Man oh man, I would love to be able to claim this recipe as my own. I have to credit this recipe (and probably more to come) to the Little India cookbook – a recent, and very worthwhile addition, to my bookshelf. All of the Little India recipes involve making the curries from scratch, so although the first time we made a curry it was rather expensive, most of the herbs and spices that now form the base of my pantry will undoubtedly get plenty of use over the coming months. This Rogan Josh recipe has been modified slightly (albeit ever so slightly) and although you can basically use any meat, the lamb was absoutely beautiful.
- 3 T canola oil
- 10 green cardamom pods
- 10 cloves
- 1 onion, diced
- 1 T crushed garlic
- 1 T crushed ginger
- 500 g lamb, cubed (approximately 3 cm x 3cm) – can substitute meat if you prefer
- 2 t ground turmeric
- 2 t garam masala
- 1 t salt
- 1 t paprika
- 3 medium tomatoes, diced
- 1/2 c tomato puree
- 1/2 c chopped fresh coriander
- 2 c cold water
- 1/4 c plain unsweetened yoghurt
- rice, to serve
- coriander, to serve
- naan, to serve
- Heat the oil. Add garlic and ginger.
- Add the lamb and cook until browned.
- Add the herbs – namely the turmeric, garam masal, salt and paprika and cook until fragrant.

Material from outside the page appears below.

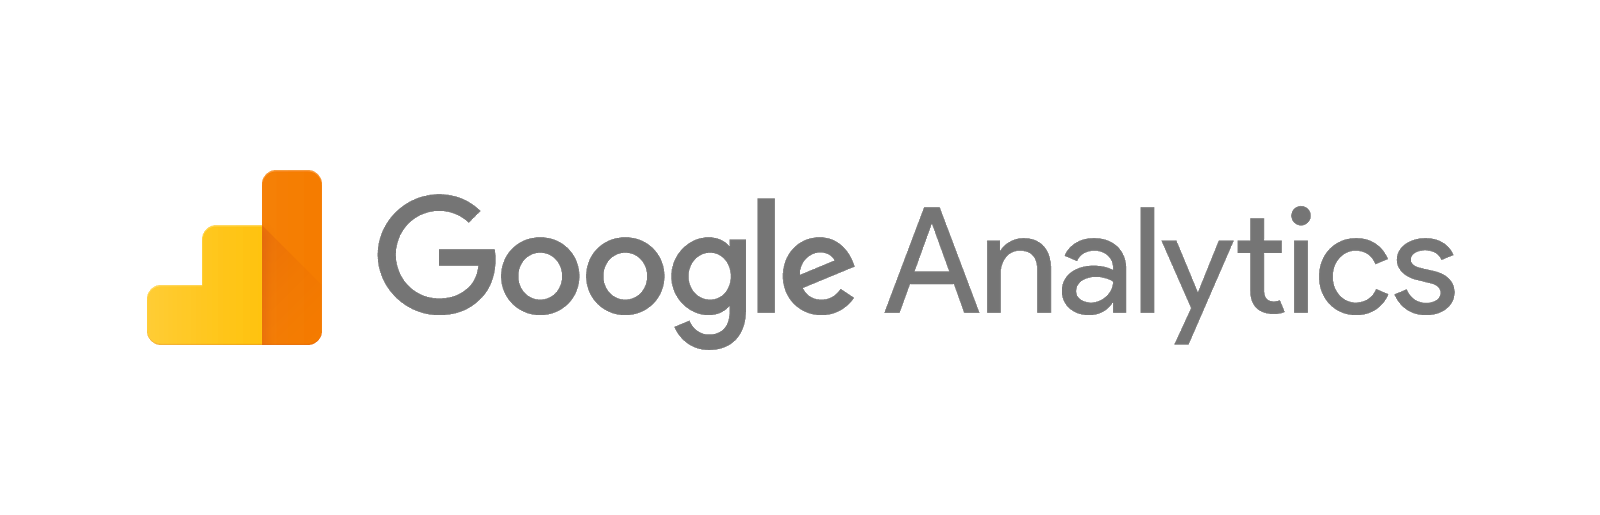 Googleアナリティクスのロゴマーク

- Stir through the tomato and keep cooking until the oil starts to separate from the onion and the spice mixture. Be patient – you don’t want it to burn.

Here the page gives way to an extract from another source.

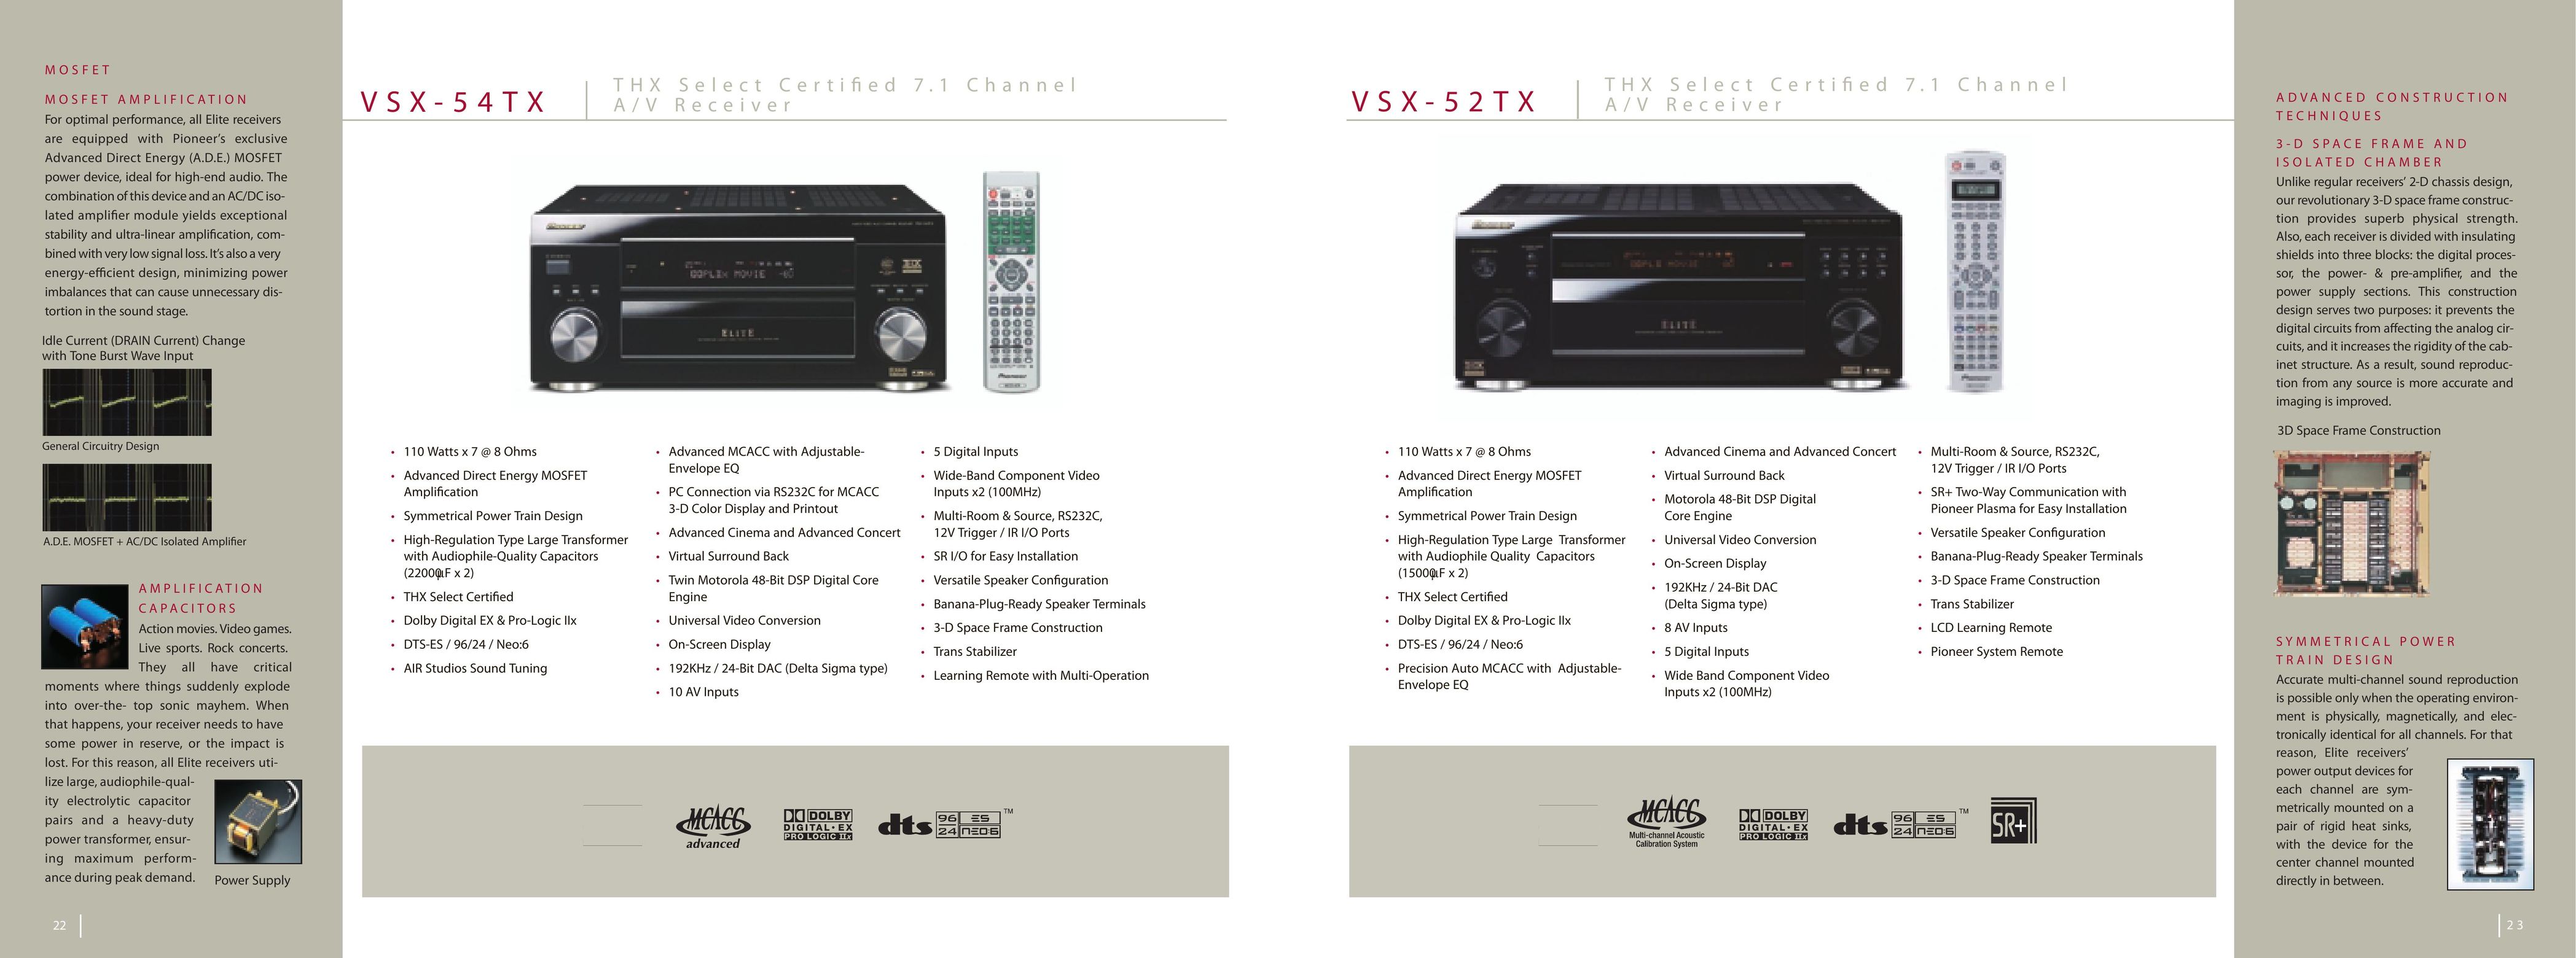 Pioneer VSX-54TX TV Receiver User Manual

- Add the tomato puree, coriander and water and cook until combined.
- Remove from the heat and add the yoghurt. Once mixed put it back on the heat (if you do it too prematurely you run the risk of it curdling).
- Simmer over a low heat until the oil really separates from the mixture and rises to the surface. This can take awhile (ie. a few hours) so just leave it covered and check on it occassionally – you may need to add water if it looks like it might dry out.